Spécialiste de la musique espagnole ancienne, Cristina Diego Pacheco présente un état assez neuf de la vie et de la production de Cristobal Moralès, né à Séville vers 1490 ayant bénéficié d'une formation dans l'entourage de musiciens de la fin du XVe siècle, tels que Pedro Escobar ou Francisco de Penalosa. Dès 1526, il commence sa carrière à Avilla (sans doute comme maître de chapelle. Il est mentionné comme chanteur de la Chapelle Pontificale entre 1535 et 1545 au service du Pape Paul III. Il exercera ses activités en Espagne à la Cathédrale de Tolède, puis à Malaga entre 1551 et son décès en 1553. Ses premières œuvres (Messe, Magnificat), imprimées à Lyon dès 1539, seront très appréciées et rééditées après sa mort. Certaines pièces vocales bénéficieront d'une réécriture en versions instrumentales. Elles marquent un jalon important dans l'évolution esthétique de la musique européenne. Sa musique s'impose par son originalité et sa forte personnalité. À ces fonds s'ajoute un abondant répertoire manuscrit non daté.

 

Ce livre, malgré son style dense, s'impose par la démarche sérieuse de l'auteur qui a le sens de l'argumentation, lui permettant de rectifier des anciennes données bibliographiques dues à l'homonymie et de les confronter aux hypothèses les plus récentes concernant son arrivé en Italie.
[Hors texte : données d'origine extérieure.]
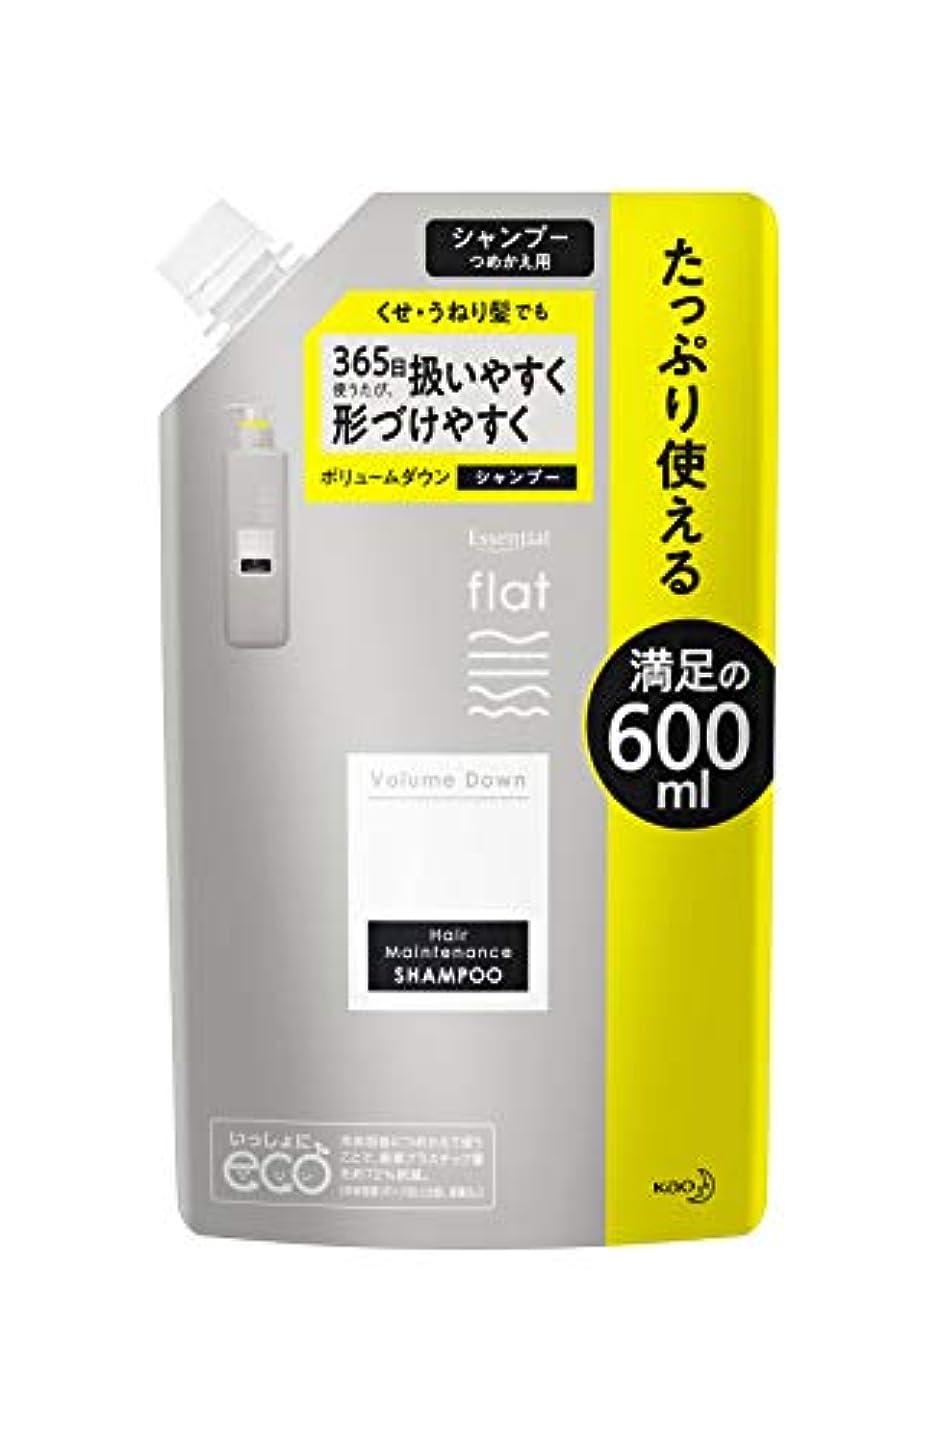 熟達ノート少ないflat(フラット) 【大容量】 エッセンシャル フラット ボリュームダウン シャンプー くせ毛 うねり髪 毛先 広がりにくい ストレートヘア ゴワつき除去成分配合 (洗浄成分) 詰替 600ml リフレッシュフローラルの香り

Elle s'interroge d'abord sur la production « pré-romaine » donc espagnole jusqu'en 1535, comprenant par exemple une Messe avec ténor sur le cantus firmus d'une chanson espagnole. Elle examine aussi la datation exacte d'après les privilèges, la licence d'impression, étudie les circonstances de la composition (occasion : fête, procession, synode…) et se livre à des considérations compositionnelles. Cristina Diego Pacheco relève même un contresens philologique (p. 25-27) à propos d'un pseudo « ouvrage de couture » : les verbes tanger, teger signifient « tisser », alors que taner a le sens de jouer de la musique (et non de « tisser »…). Elle distingue judicieusement les œuvres espagnoles, c'est-à-dire « pré-romaines », romaines, puis les œuvres tardives, et dégage « l'hispanité » du musicien. À côté de ce remarquable apport historiographique et technique, les musicologues et interprètes sont fascinés par le Manuscrit de Valladolid (p. 35 sq.) et sa transcription (p. 147-242) accompagné de son protocole éditorial et de descriptions codicologiques : 5 Cahiers de dimensions variables, de provenance « sans doute génoise », graphies, filigranes, copistes succesifs, le terminus postquem se situant à la fin du XVe siècle et antequem vers 1600… et mettant en garde contre les fausses attributions. L'œuvre de Cr. Moralès comprend des Messes, Offices de Vêpres, Offices pour les défunts, Motets pour différentes périodes du calendrier liturgique à finalité fonctionnelle. Le manuscrit contient deux Messes, trois Motets, deux Magnificat composés pour les Messes et Vêpres. Il bénéficie d'analyses musicales précises. Son répertoire donne un aperçu des œuvres polyphoniques pré- et post-tridentines cultivées dans cette Cathédrale.

Cristina Diego Pacheco, s'appuyant notamment sur la consultation de nombreux documents (inventaire du fonds d'archives musicales de la Cathédrale de Valladolid par Higinio Anglès (1948) puis José Lopez-Calo), a consulté des sources précises : livre de fabrique de la Cathédrale, inventaire, actes du Chapitre (salaires…). Les mérites de son ouvrage sont considérables : rectification de données biographiques erronnées et d'attributions douteuses ; révision et actualisation de la période pré-romaine ; apport à l'histoire sociale de la musique religieuse ; transcription et commentaire des œuvres et Bibliographie raisonnée particulièrement étoffée (p. 247-260). À plus d'un titre : une belle mise au point.